But isn’t this play rather pessimistic, I’ve been asked. Meaning, wasn’t it depressing for an audience in Sarajevo; meaning, wasn’t it pretentious or insensitive to stage Godot there?… The condescending, philistine question makes me realize that those who ask it don’t understand at all what it’s like in Sarajevo now, any more than they really care about literature and theatre.
–Susan Sontag, “Waiting for Godot in Sarajevo”
Signs on corrugated plastic–A Country Road/A Tree/Evening–had been fixed to wooden telephone polls all over town with roofing nails and zip ties. Who knew what the hell they meant, or even noticed them next to the Clarkson for City Council, Roof Repair and other political and commercial signs that litter our neutral grounds and cityscape in postdiluvial New Orleans? But as it turns out, those first signs, looking every bit as much the disposable junk as the others, were genuine contemporary art, made by Paul Chan, a New York art star. They gave notice to the city, however obliquely, using the opening stage directions of the play–Samuel Beckett’s Waiting for Godot–that he was to stage on two consecutive weekends in two of the most devastated neighborhoods in America.

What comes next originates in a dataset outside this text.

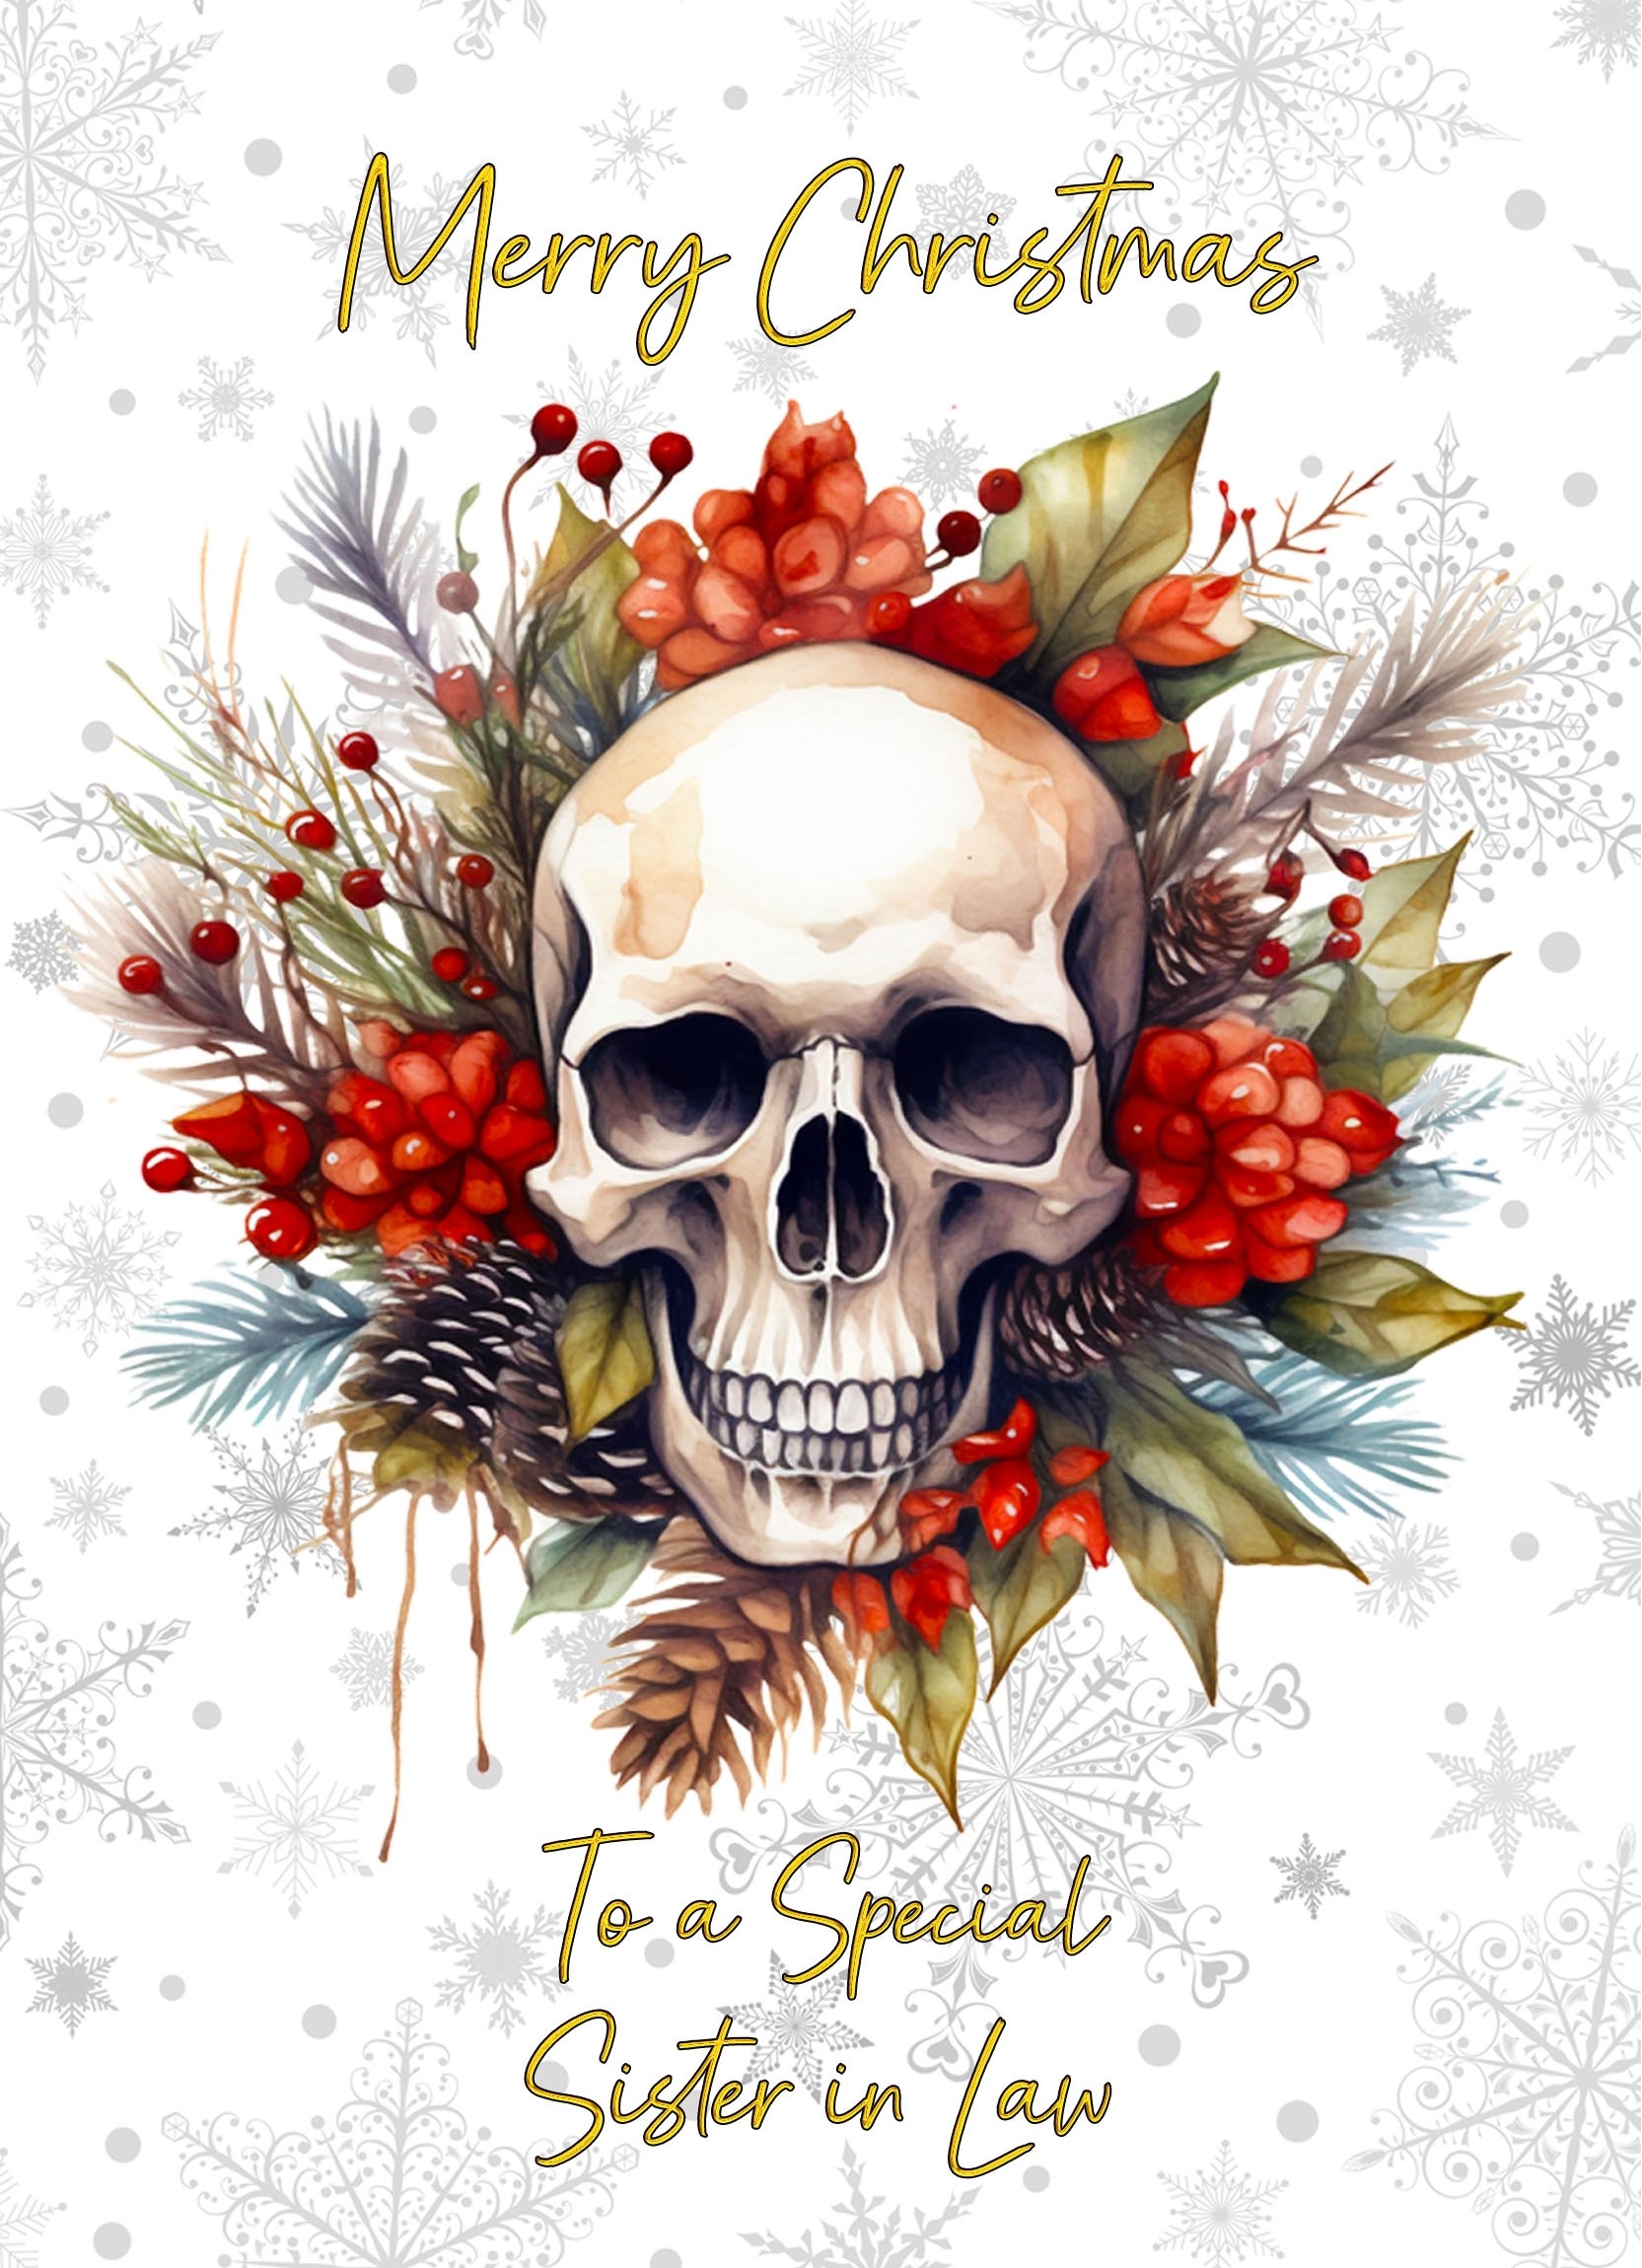 Christmas Card For Sister in Law (Gothic Fantasy Skull Wreath)

The ambiguity of the signs did not inhibit a packed house for each of the five nights the play was performed for free in New Orleans. Indeed, it was only planned for four nights–two in the Lower Ninth Ward and two in Gentilly. But Chan, the Classical Theater of Harlem–which staged the play here and in New York–and Creative Time, a New York nonprofit dedicated to public art, which produced and funded the visionary endeavor, added a fifth night after turning back hundreds of people from the performances in the abandoned Lower Ninth Ward.

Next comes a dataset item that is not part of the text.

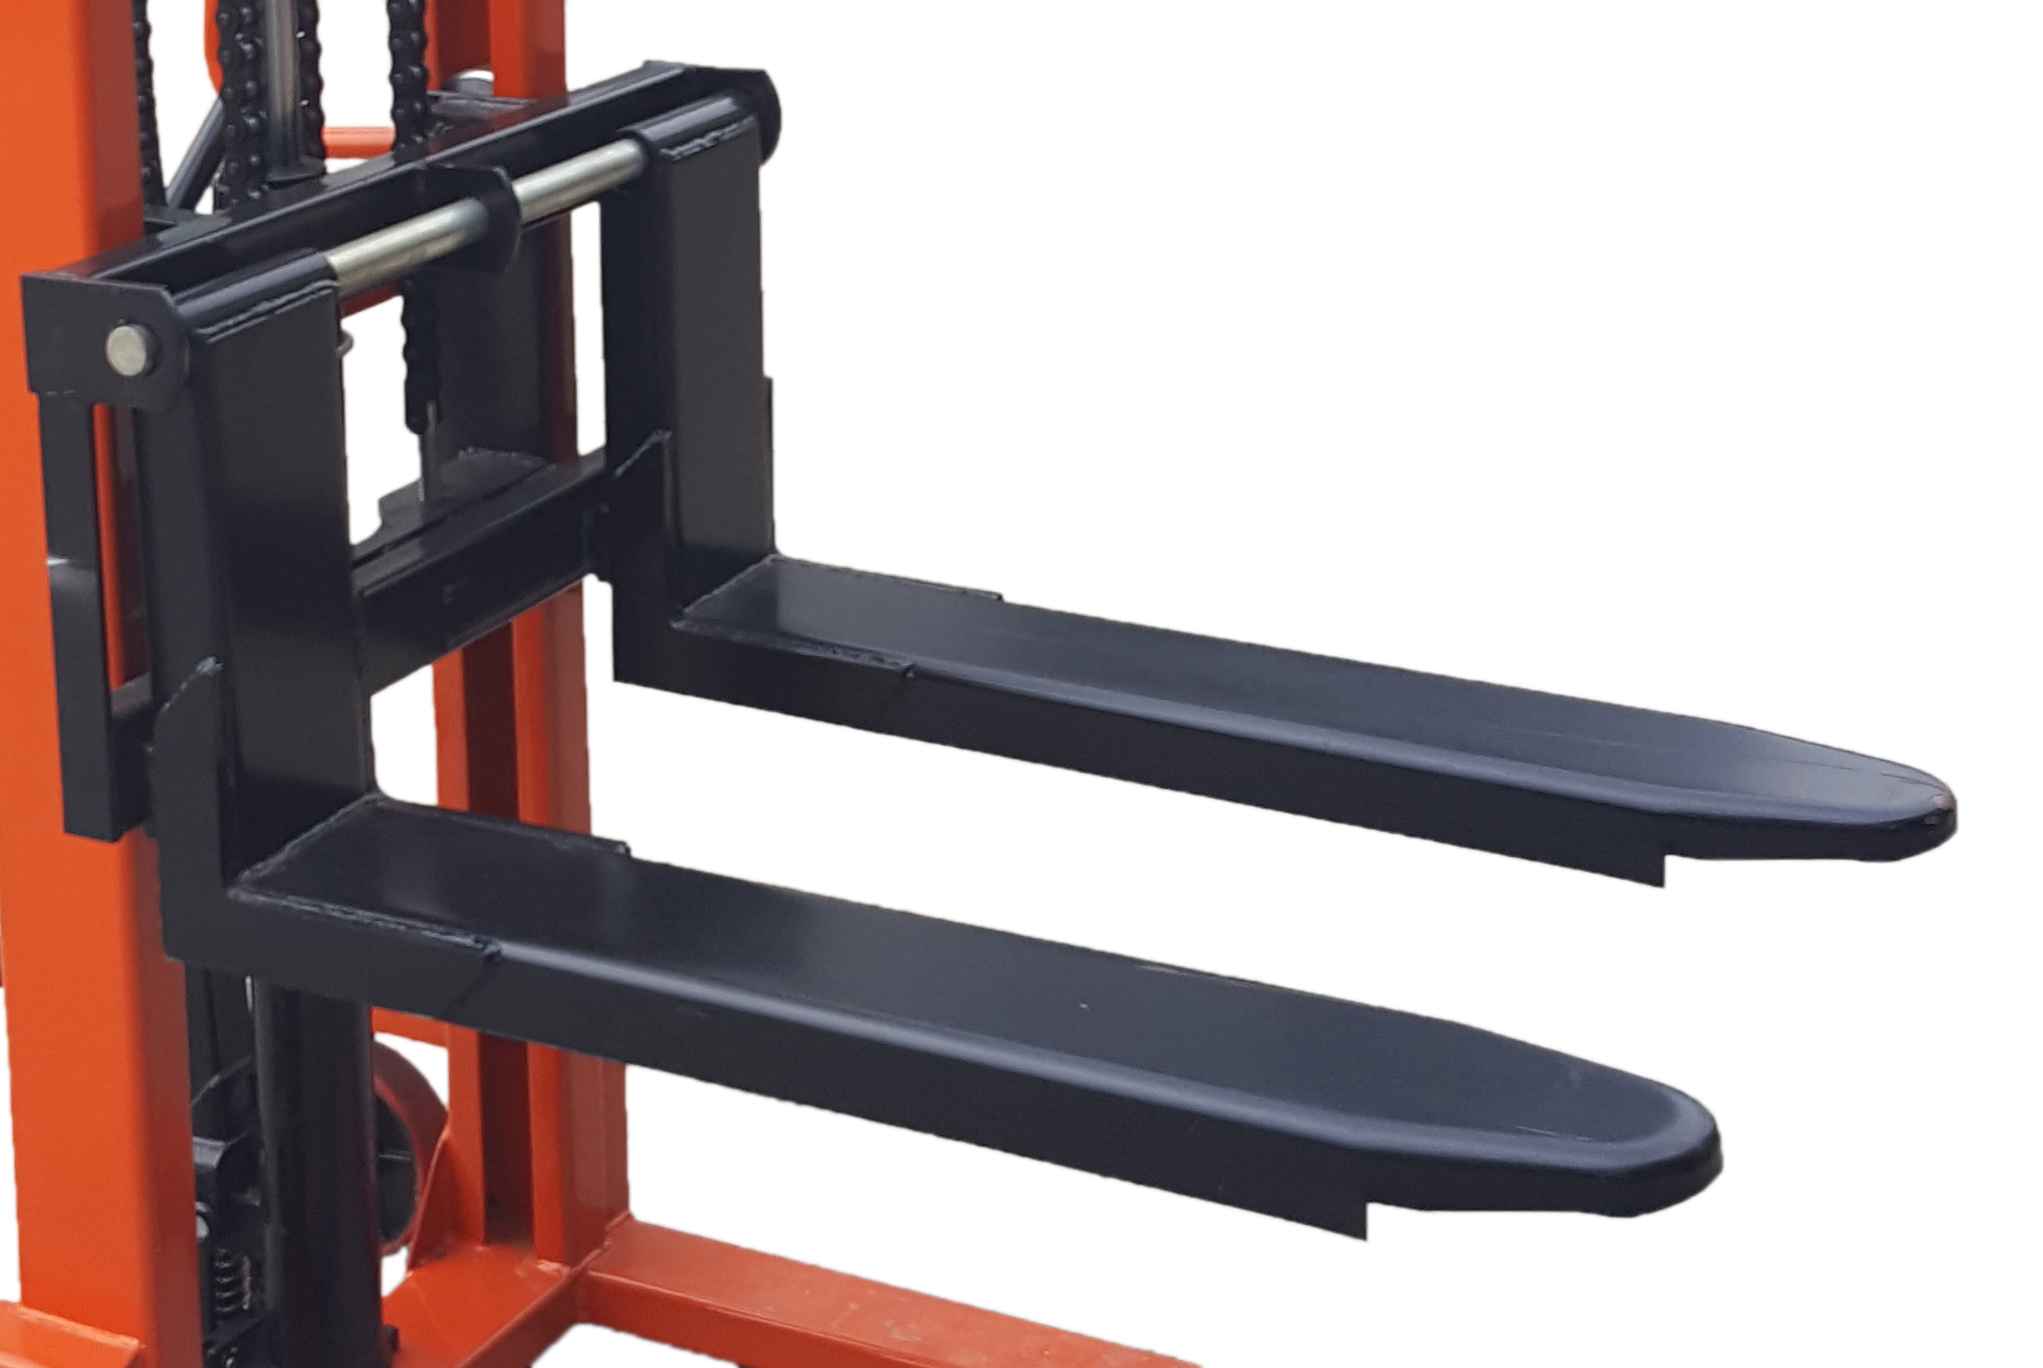 Empilhadeira Manual Hydraulic Forklift Hand Lift Stacker Pallet Lifter Trolley Truck

After the lucky few hundred folks who made it in the first night ate gumbo and were then drawn to bleachers a couple of blocks away by a brass band and dancers from The Big Nine Social Aid and Pleasure Club, a de rigueur homage to the city’s vernacular culture, people took their seats. The stage, an abandoned intersection, was in the midst of several wasted city blocks where aggressive local flora had begun reclaiming the neighborhood as a backswamp, now that bulldozers had cleared most of the homes destroyed following Hurricane Katrina. The play was framed in the distance, like the curtain at the back of a stage, against a newly built concrete flood wall, whose earlier incarnations–in 2005 during Katrina and in 1965 during Hurricane Betsy–had failed to keep the water at bay.

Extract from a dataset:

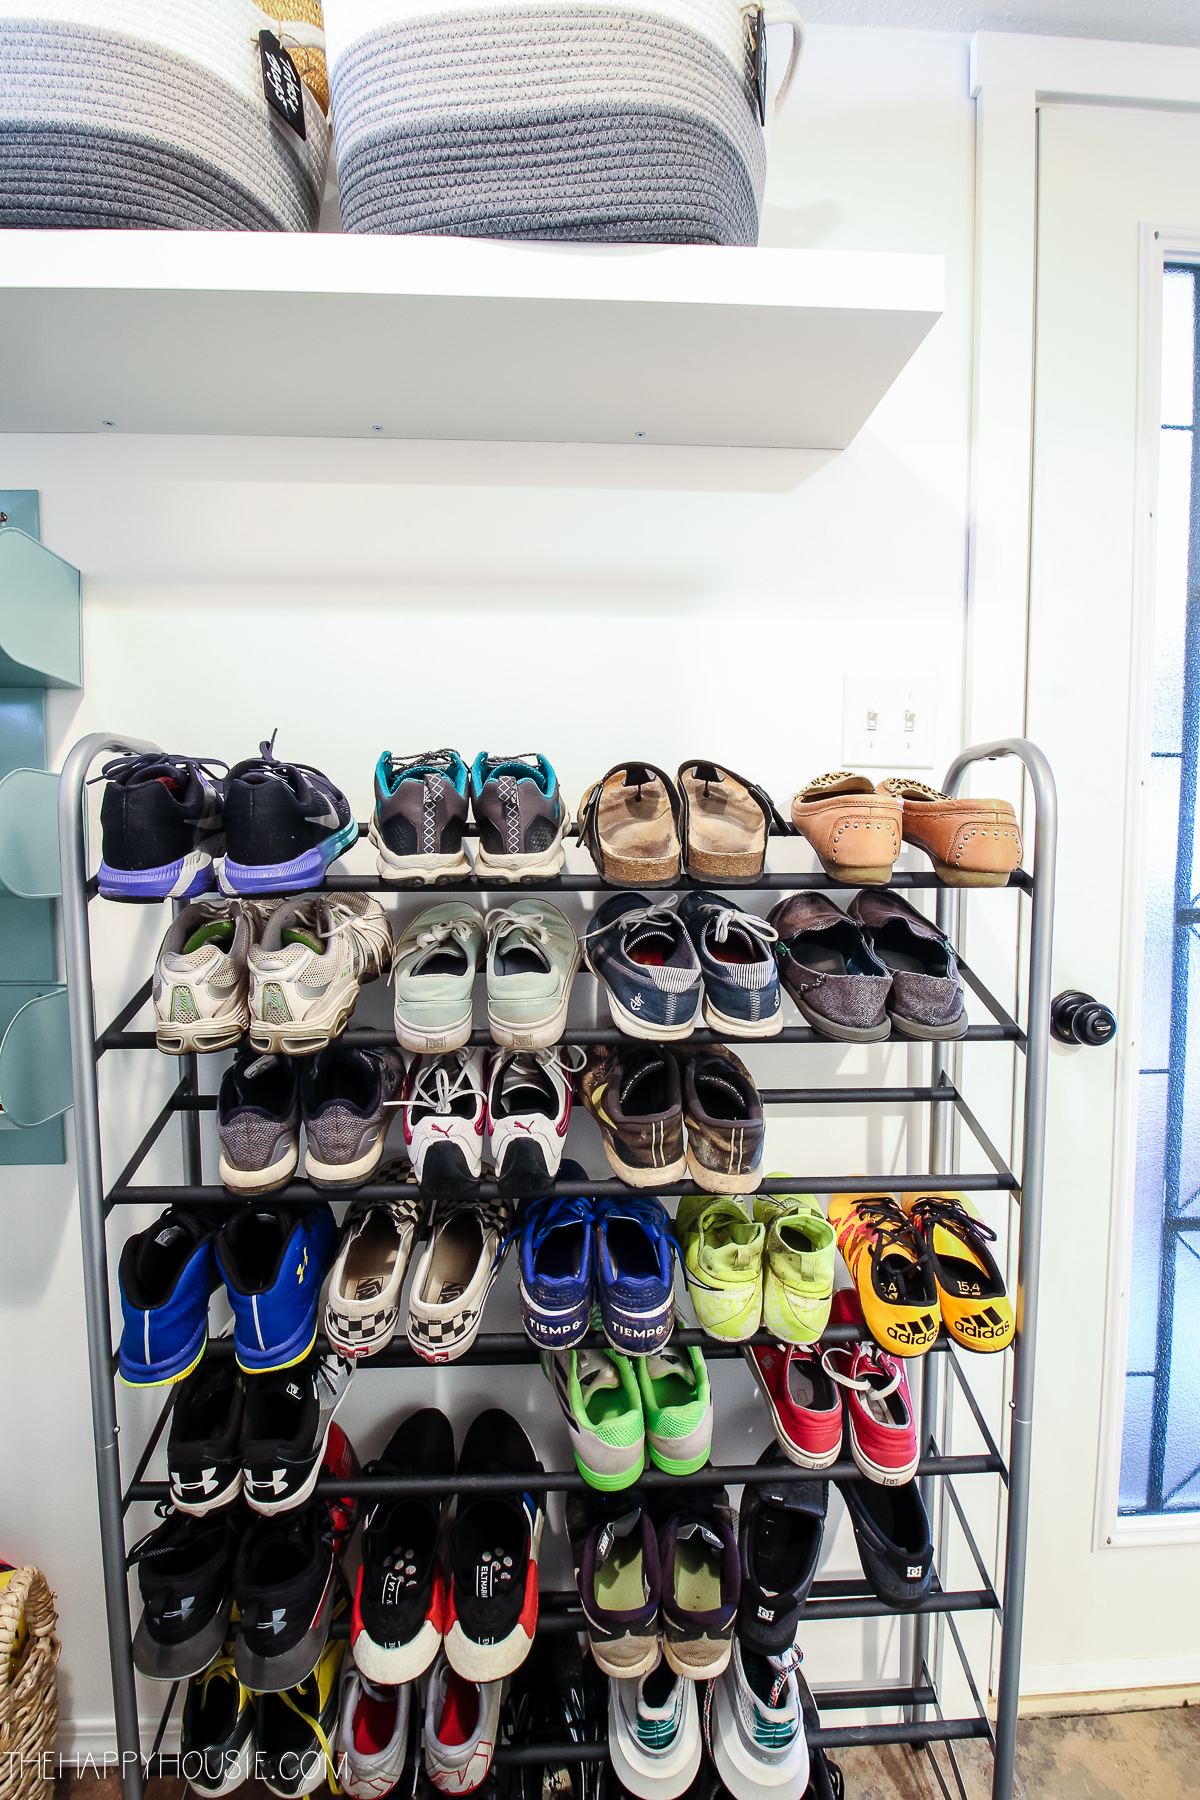 All the shoes lined up on the rack.

The Rev. Charles Duplessis introduced the premiere and invoked the lost lives specific to this “charming spot” on “this bitch of an earth,” as Beckett’s characters later said. “Where you are sitting is where someone’s home was…. People lost their lives right in this area,” Duplessis explained with great solemnity, clearing the air momentarily of the joyful music that still rang in our ears.
And then the familiar, repetitive, morally ambiguous play began. Two tramps, Vladimir and Estragon, talking, waiting for Godot, trying to pass the time, despairing. Pozzo and Lucky appearing, then disappearing. The boy coming to tell the tramps that Godot would not be coming today, “but surely tomorrow.” Roughly the same thing occurring in the second act.